There are *so many* reasons to criticize the Bible. There are definitely more creative ways to do it than burning it or comparing it to dog shit. The mistake with Mills is that he made a symbolic gesture that completely evaded the whole point of the Blasphemy Challenge, which is to publicly admit you’re an atheist and explain why that is (While saying the catchphrase, “I deny the holy spirit”).

Back to Bligbi for a moment. She also had this to say:

[Those who oppose the video say] “If I show how nice and respectful I am, someday they’ll treat me nicely and respect me despite our differences”. But, the fact of the matter is that “someday” will never come because the point of this particular mind game is to create a situation where the oppressed group is too ashamed to act in a manner that will ensure that that “someday” arrives.

For example, Martin Luther King Jr was arrested in Birmingham, Alabama in April of 1963 for protesting segregation…

Please tell me David Mills was not just compared to Martin Luther King, Jr…

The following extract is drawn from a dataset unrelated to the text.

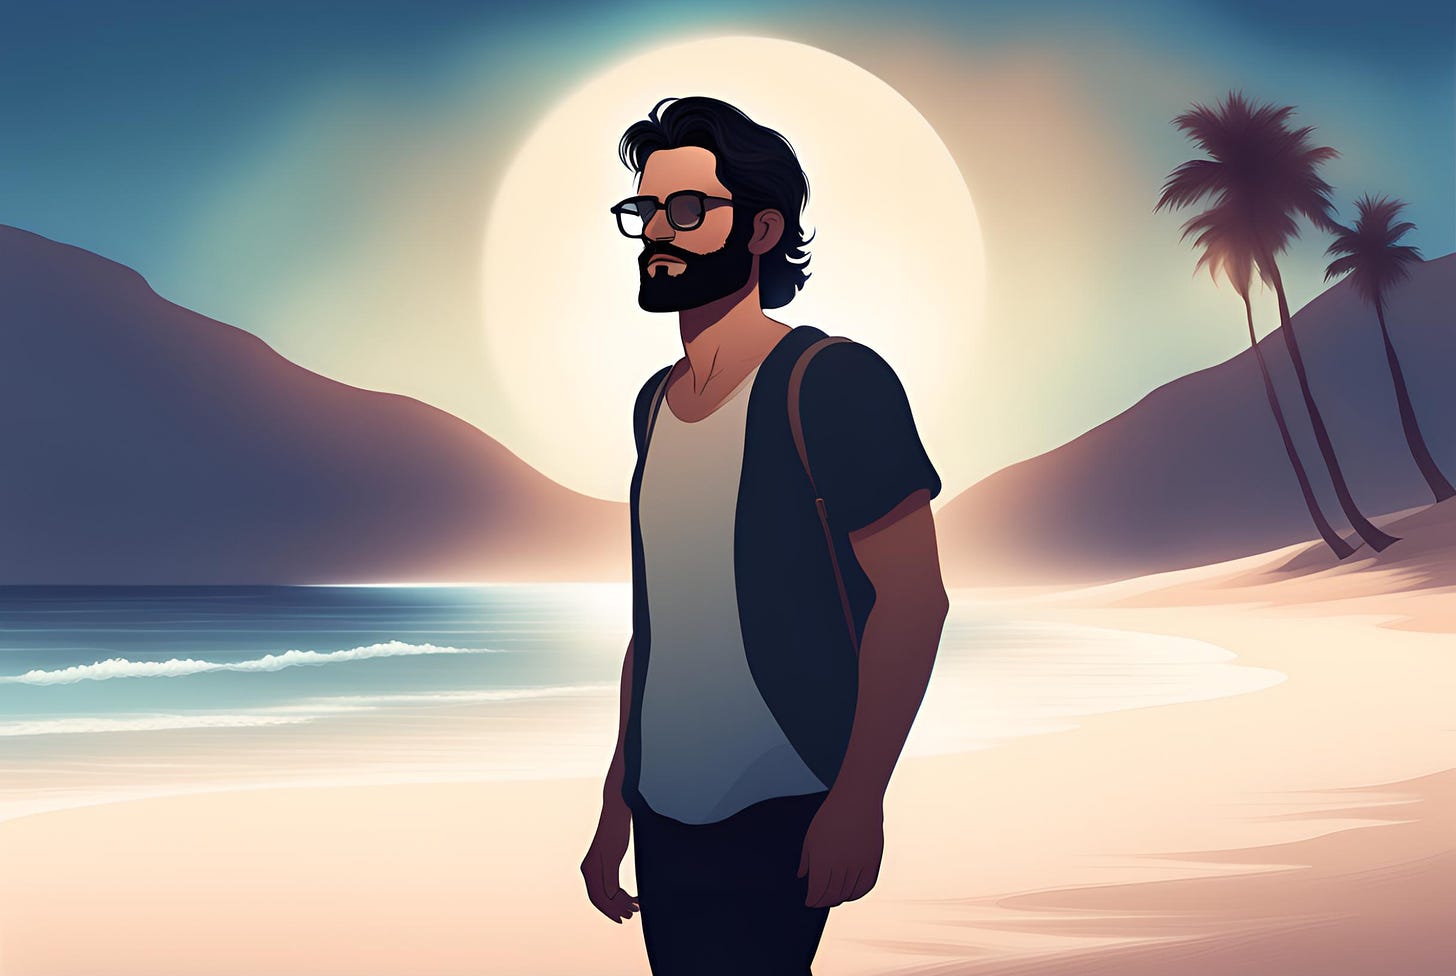 Illustration of a man walking alone on a white sand beach
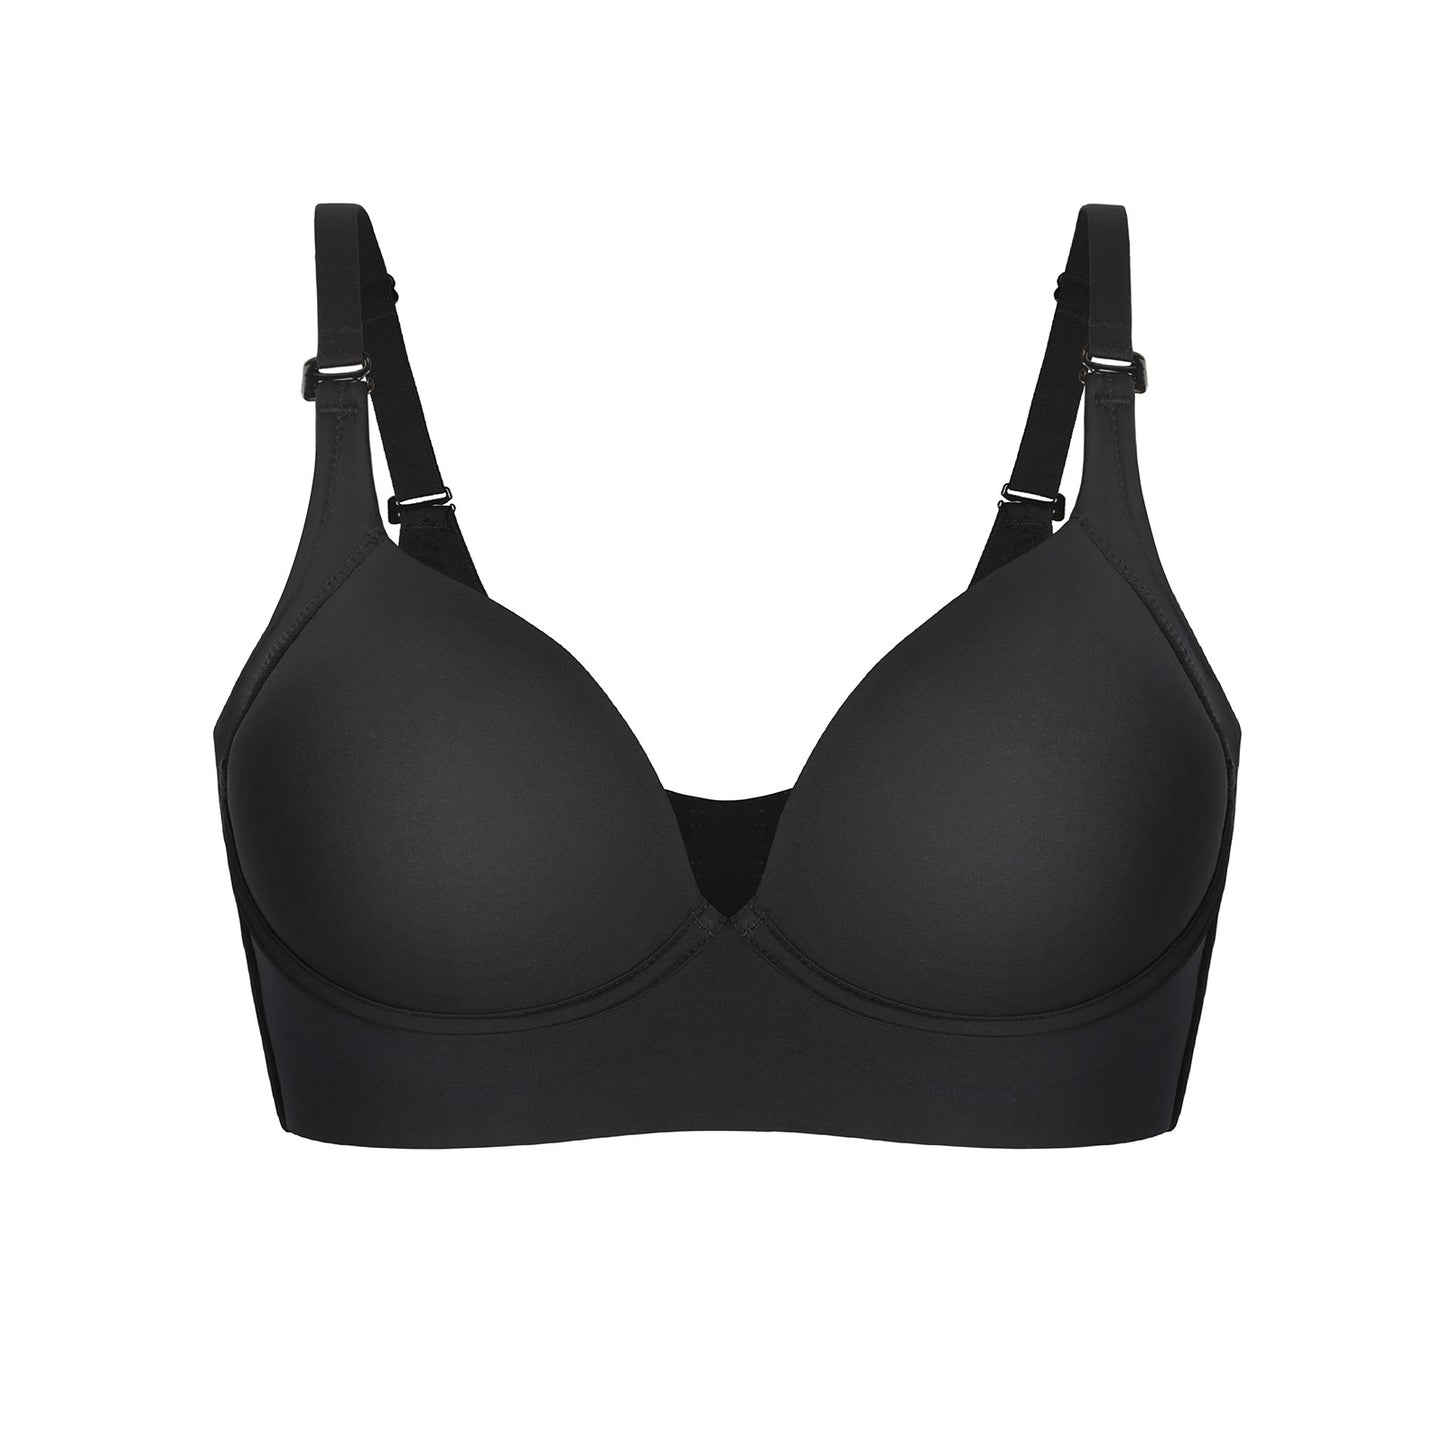 Full coverage bra with attractive appearance

[tags]atheist, atheism, Blasphemy Challenge, David Mills, Atheist Universe, Bible, Christian, Christianity, Bligbi, rebellion. flag burning, Michael Richards, racism, I deny the holy spirit, Martin Luther King Jr., Birmingham, Alabama[/tags]

  • Mitch

    The best case I’ve seen for a supreme being is a book by Gerald Schroeder. If you truly want to understand why so many people believe in a God then his 3 books, “Hidden Face of God” (best case mentioned above), “Genesis and the Big Bang” and “The Science of God” do an amazing job of putting into words why. More and more scientists are turning to faith because of discoveries made in science that can’t be explained and I believe science will in fact be used to prove (one day) His existence. God uses science to create. Science and religion should not be kept seperate when they work so well together.
    These books in no way make an argument for or against Jesus being the Son of God. That will still have to be a personal choice but after reading the evidence brought forward in these books it’s hard to say that a supreme being isn’t orchestrating the universe.

  • Elise

    I am an Athiest, but am somewhat perplexed by this site. You talk about the Athiest movement, as if you trying to spread your belief, much like a religion sends missionaries to countries to promote their faith. The core beleif of an Athiest is that we beleive in no God or religion, so why are you acting in the same way as a religion does?

    It is fair that we have our own beliefs, but what is with this need to make everyone else agree wwith them? I would not particually appreciate someone of the Catholic faith trying to convert me into catholisism, and I am sure that Catholics feel the same about Atheism.

    What is the problem with allowing them to have their beliefs and us to have ours?

  • Richard Wade

    Hi Elise,
    I don’t understand how you have gotten the impression that this site is about “spreading our beliefs.” I don’t personally know any atheist who has any interest in “converting” others to atheism. If there is an “atheist movement” it’s a very loose and diverse one, and it seems mainly interested in protecting the rights of people who don’t want religion forced upon them in the form of public policy or bigoted mistreatment. Some, like myself were basically born to a secular/scientific world view, but many others went through very difficult struggles to free themselves from their early religious indoctrination. Not many of them would in a clear conscience do such a thing to others.

    There are a few outspoken authors whom others characterize as “evangelical” in their views, but whether that is fair is a matter of debate. There are a few rude and crude jerks, such as the guy in the video at the top of the page, but every group has some of those.

    If you have seen specific examples of an atheist aggressively trying to force, manipulate, browbeat or somehow without invitation to convert believers to non-belief, I would be very interested in hearing about it because I strongly oppose such tactics and behavior.

    Stick around and I think you will see that the majority of people here are primarily interested in improving communication between believers and non-believers, and in improving the overall quality of life of atheists and society in general.